Segment Start: RECORDED DATA

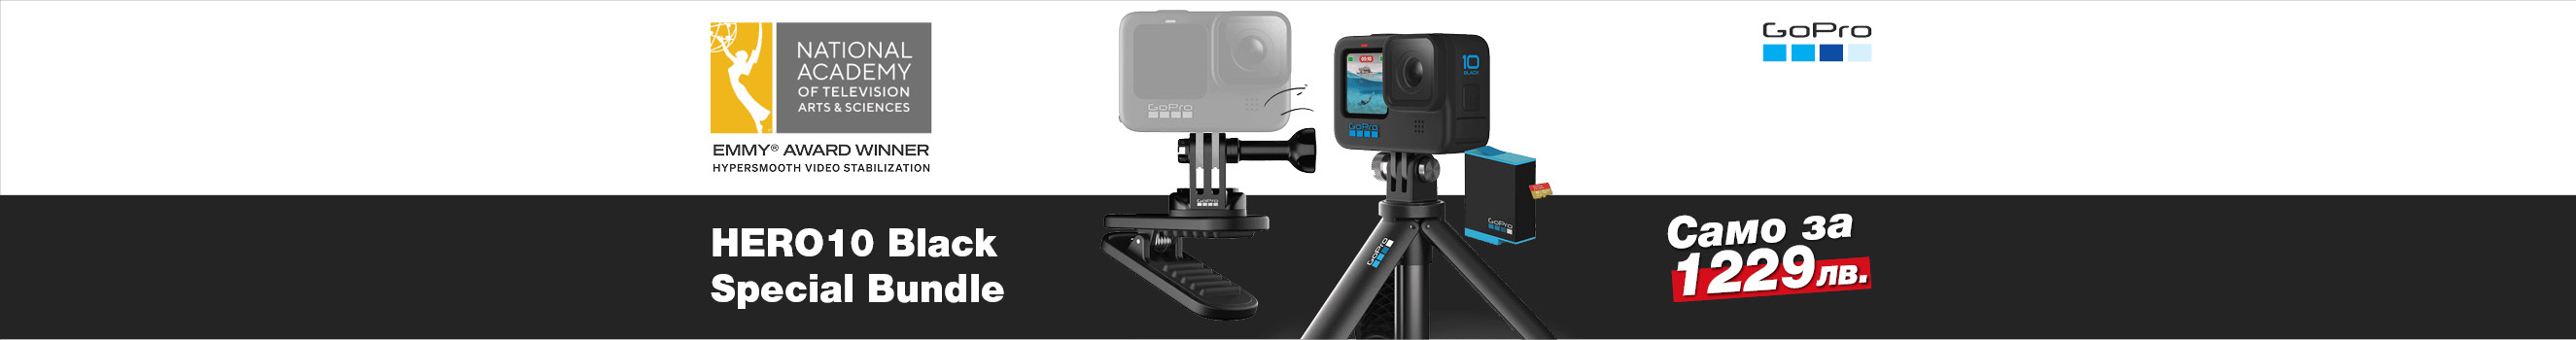 Екшън камера GoPro HERO10 Black Special Bundle на супер цена в магазини ФотоСинтезис 
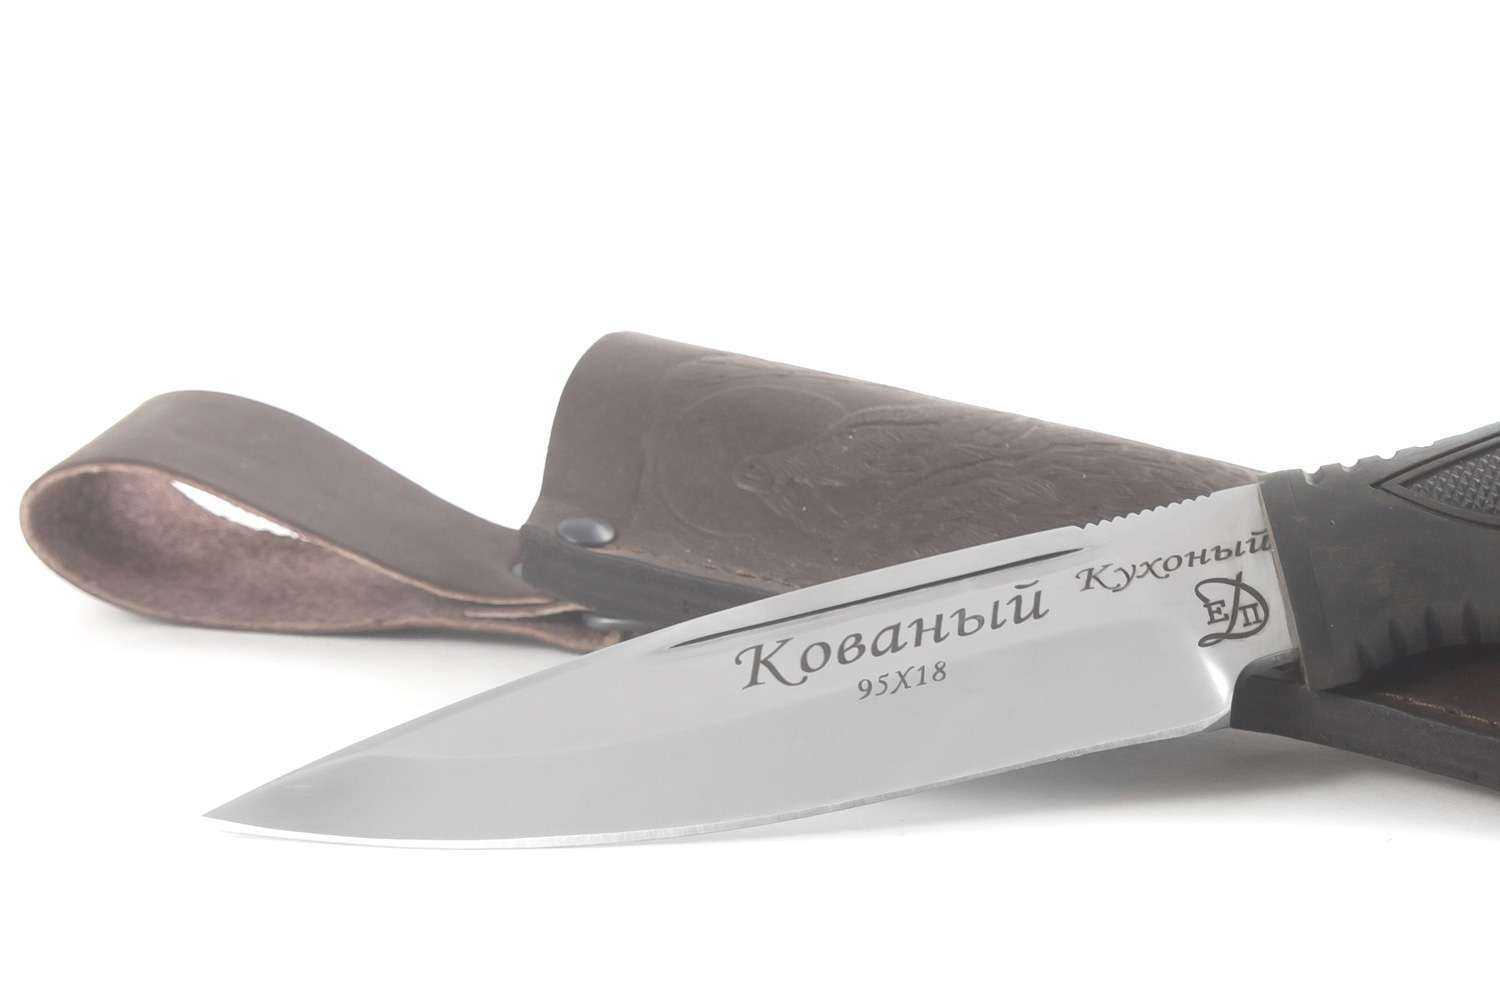 Нож своими руками - подробное описание как сделать простой и прочный самодельный ножик
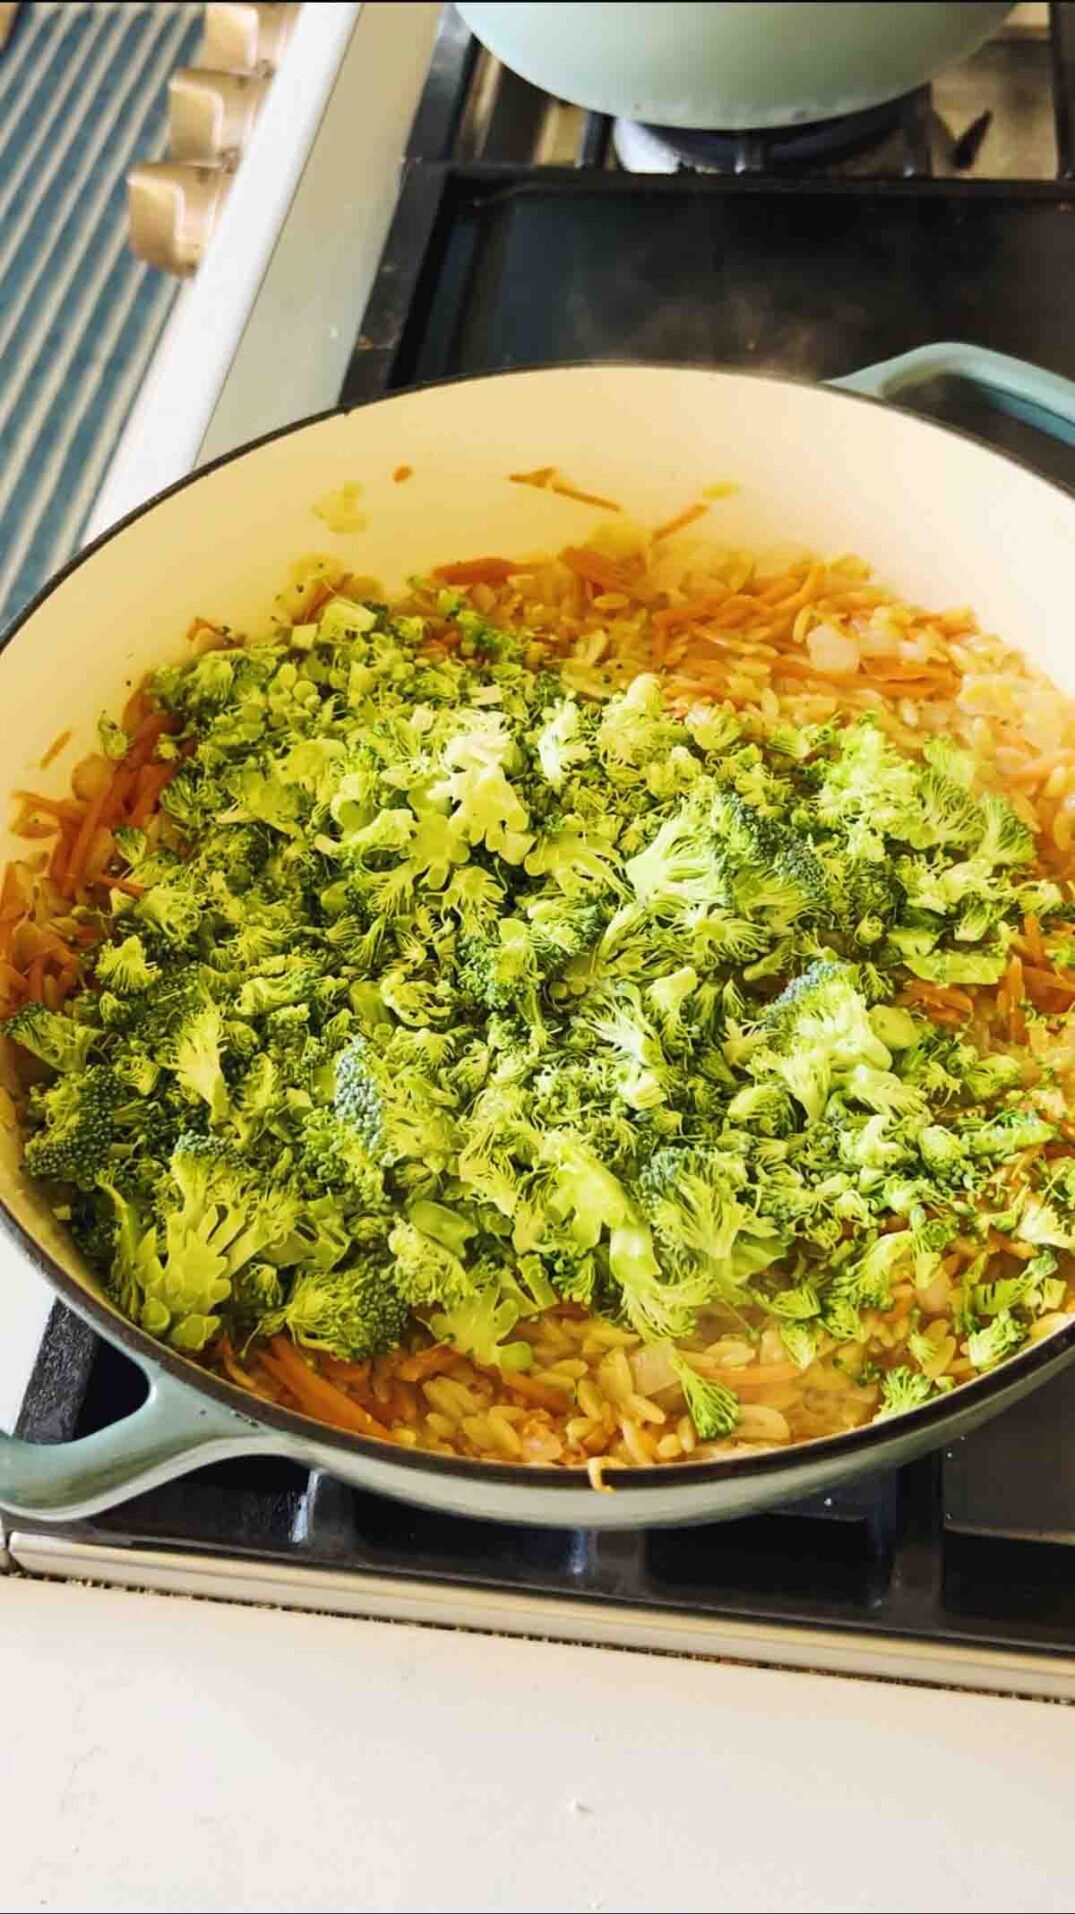 fresh broccoli in a blue braising dish.

Segment End: RECORDED DATA

PROBLEM TO WORK ON: Restate the listing word for word and drop the pictures.

COMPLETED TASK:
 Екшън камера GoPro HERO10 Black Special Bundle на супер цена в магазини ФотоСинтезис 
 Нож своими руками - подробное описание как сделать простой и прочный самодельный ножик
 fresh broccoli in a blue braising dish.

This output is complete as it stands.